Here are a few examples of workloads that can be executed by leveraging Azure Batch Jobs:

  • Deep Learning
  • Image Rendering and Processing
  • Engineering Simulations
  • Execution of Software Tests
  • ETL (Extract-Transform-Load Process)

A few key concepts you need to be acquainted with before diving into Azure Batch Job deployment methods are listed below:

  • Azure Batch Pool: A compute pool is defined as a collation of nodes that your application will run on. It is the top component of an Azure Batch platform and it offers flexible scaling, number of nodes, allocation, installation of applications on the nodes, monitoring, and data distribution.
  • Azure Batch Node: An Azure Batch node is defined as a single Azure Virtual Machine that can process a vast chunk of your workload in Azure Batch.
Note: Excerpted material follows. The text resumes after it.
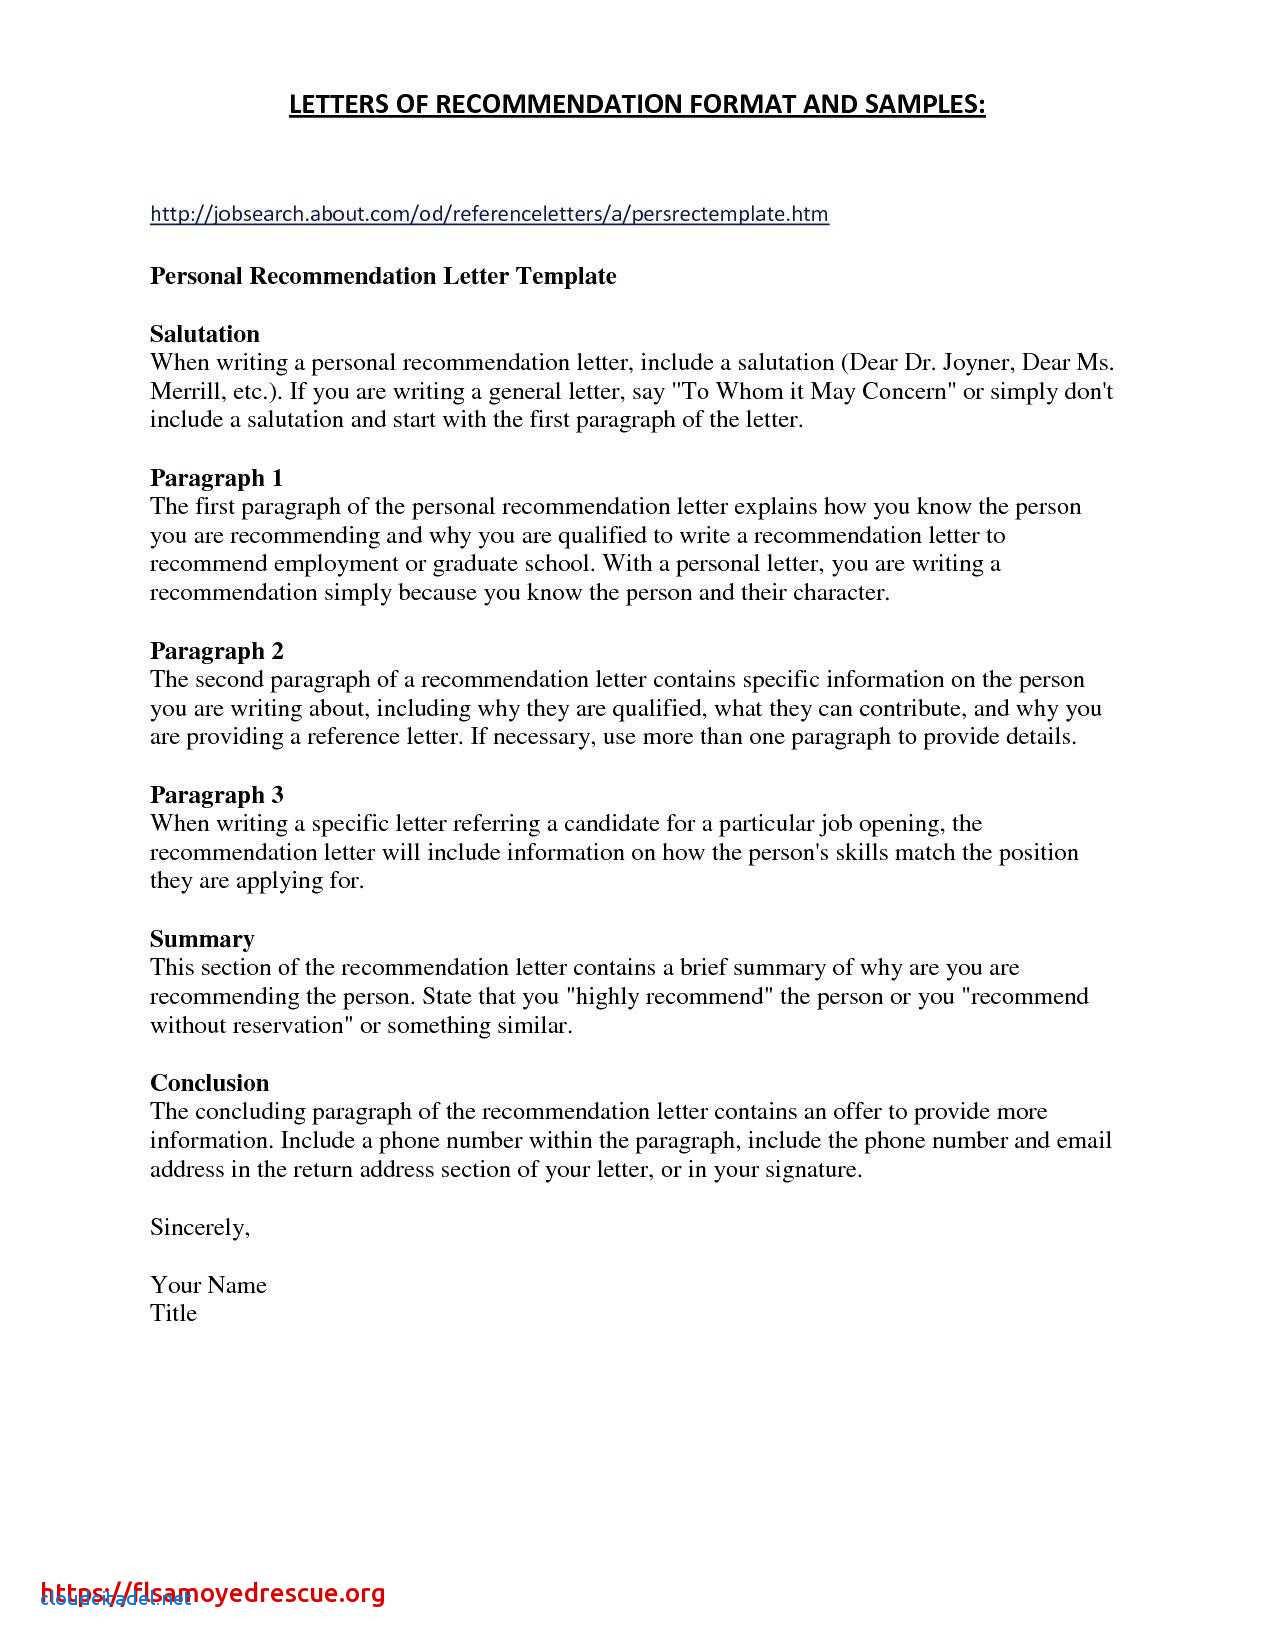 609 Letter Template - Elegant Letter Sample format Doc

You can decide the size of the node, which in turn, can decide the memory capacity and the number of CPU cores. You can leverage nodes to run any script or executable which can be supported by the installed system environment.  

Key Features of Azure Batch Processing

Here are a few key features of Azure Batch Job Processing:

  • Azure Batch allows you to fully configure the nodes yourselves since it offers support for Docker configurations.
  • It also gives you the ability to run large-scale parallel workloads at a pretty low cost by leveraging low-priority VMs.
  • Azure Batch can also be auto-scaled, therefore, providing more nodes to cater to your requirements. For this, Azure Batch utilizes a formula, for instance, a formula that can increase the number of computing nodes if more than X tasks are queued.
  • With Azure Batch, you can run any type of node: Windows or Linux nodes, GPU instances, and Dockers.
  • It also allows you to monitor your jobs with Batch Explorer or Application Insights interactively.
  • You can easily create pools and execute jobs through an intuitive code interface with R (through Python and DoParallel)
  • Azure Batch can easily integrate with Data Lake Storage and Blob storage to fetch data for any given task.
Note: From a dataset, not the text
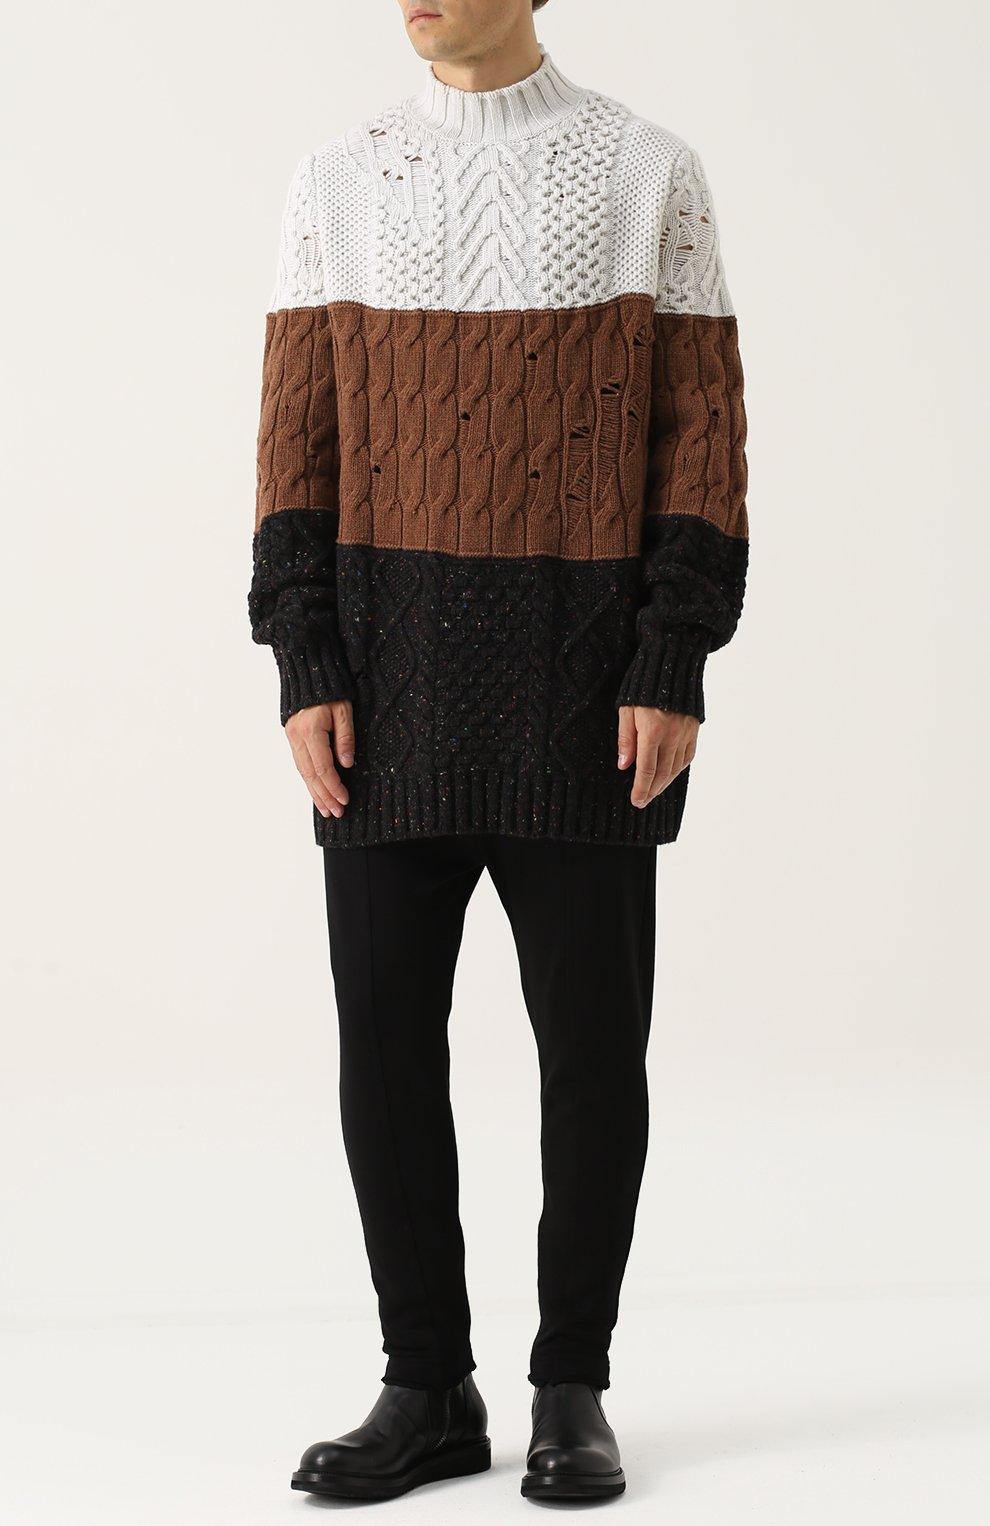 Удлиненный свитер из смеси шерсти и кашемира фактурной вязки | Фото №2

Simplify ETL Using Hevo’s No-Code Data Pipeline

Hevo Data, a Fully-managed Data Ingestion solution, can help you automate, simplify & enrich your ingestion process in a few clicks. With Hevo’s out-of-the-box connectors and blazing-fast Data Pipelines, you can extract & aggregate data from 100+ Data Sources(including 40+ Free Sources) such as Azure straight into your Data Warehouse, Database, or any destination. 

GET STARTED WITH HEVO FOR FREE[/hevoButton]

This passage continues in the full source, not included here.